We’ve all taken a cat nap, but how about a nap among more than 650 cats?
That’s just another day at Lanai Cat Sanctuary. “It’s very common for people to come and spend the entire day at the cat sanctuary. Some of them even fall asleep,” says LCS executive director Keoni Vaughn.
It’s hard to imagine, but the sanctuary encompasses 3.5 acres of open space. The cats are free to run and play or relax in shaded areas. “I get teased a lot because I call our sanctuary the Furrr Seasons. It's really a calming place,” says Vaughn.
LCS provides a healthy home for cats, and it’s peaceful for visitors, too. “We all know that there are benefits to having pets and to being around animals,“ says Vaughn. “Having a cat around you can trigger release of calming chemicals in your body, which lowers your stress and anxiety. Cats are known to be super low maintenance animals. A simple petting session makes both the cat and the human happy.”
The sanctuary has become an attraction for tourists and residents alike. They welcomed 15,000 visitors each year before the COVID-19 pandemic. Visitors pet and play with the cats and about 50 felines per year go home with their purrfect match.
For the birds
On an island with no animal shelter, rescue group, or veterinarian, the sanctuary is a respite for animal lovers who want to spend time with the cats. But its mission is much larger – to protect Lanai’s ecosystem, LCS provides a safe, caring home for the island’s free-roaming cats. Rehoming the cats allows the sanctuary to help conservationists in their work to preserve marine life and protected birds.
It’s almost unheard of for free-roaming cat advocates and conservationists to work together like this. Animal rescuers typically trap cats, neuter or spay them, and release them back into the wild. It’s common practice for conservationists to trap and kill free-roaming cats who could be passing on diseases or preying on birds and marine life. The LCS model of trapping and rehoming cats is uniquely suited for Lani’s temperate weather and abundance of open space.
“People thought this sanctuary model wasn’t sustainable and wasn’t practical,” says Vaughn. “I love the challenge and I think we’re doing a good job at breaking that mold. Instead of saying it’s not going to work, why can’t we all work together to make it work? That’s what we’re doing here.”
For the people
In addition to their animal rescue work, the sanctuary flies a veterinarian to Lanai several times a month. The vet visits LCS to care for their cats then takes a mobile veterinary van to town to care for pets throughout the community.

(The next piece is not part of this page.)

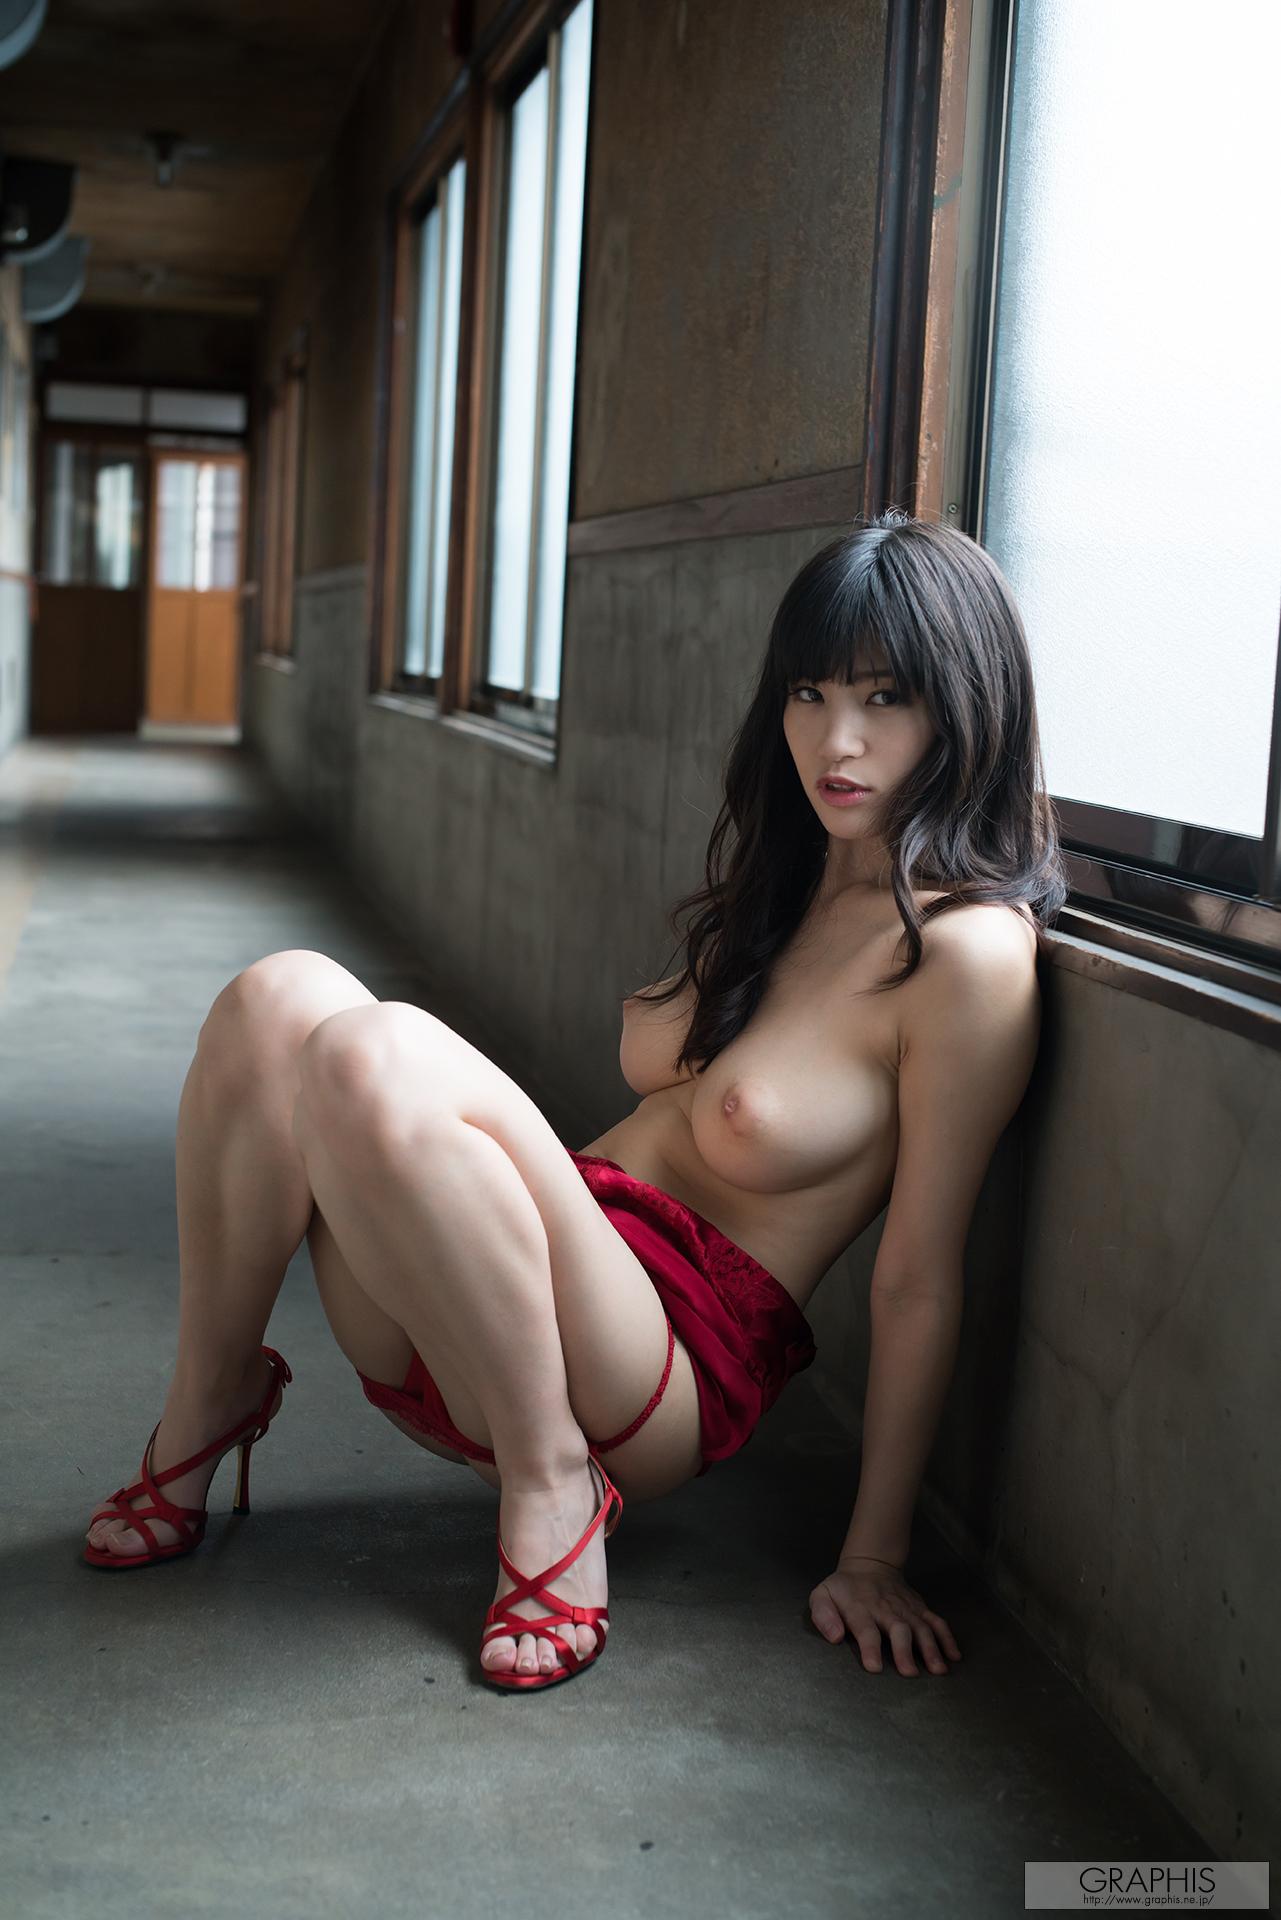 中出し 素人 平原裕子 tumblr tumblr mieharu pussy5

Without this essential service, pet owners would have to take a ferry to Lahaina, rent a car to drive to a veterinarian’s office, and possibly find accommodations to stay overnight. It’s a lot to go through for a pet’s routine physical and vaccines.
Caring for these animals creates a healthier environment for Lanai residents. The sanctuary’s 12 employees are no exception. Getting to bond with and care for the cats is a dream job for any animal lover, but Vaughn also provides generous benefits to make sure employees are in good physical and mental health.
“I’ve been in the animal welfare world for 20 years now and I’m a firm believer in people care,” says Vaughn. “Always animal care, that's a given. But the people care has really been my focus and I am a firm believer in keeping our staff healthy, keeping them as stress-free as possible.”
Joe Adarna, LCS’s manager, agrees. “I love the job every day I go in to work. They give me time off when I need it and it’s a good balance for a lot of the staff,” he says. “I get a lot of time to spend with my dog and to travel to Oahu to see friends and family. They’ve always been very supportive.”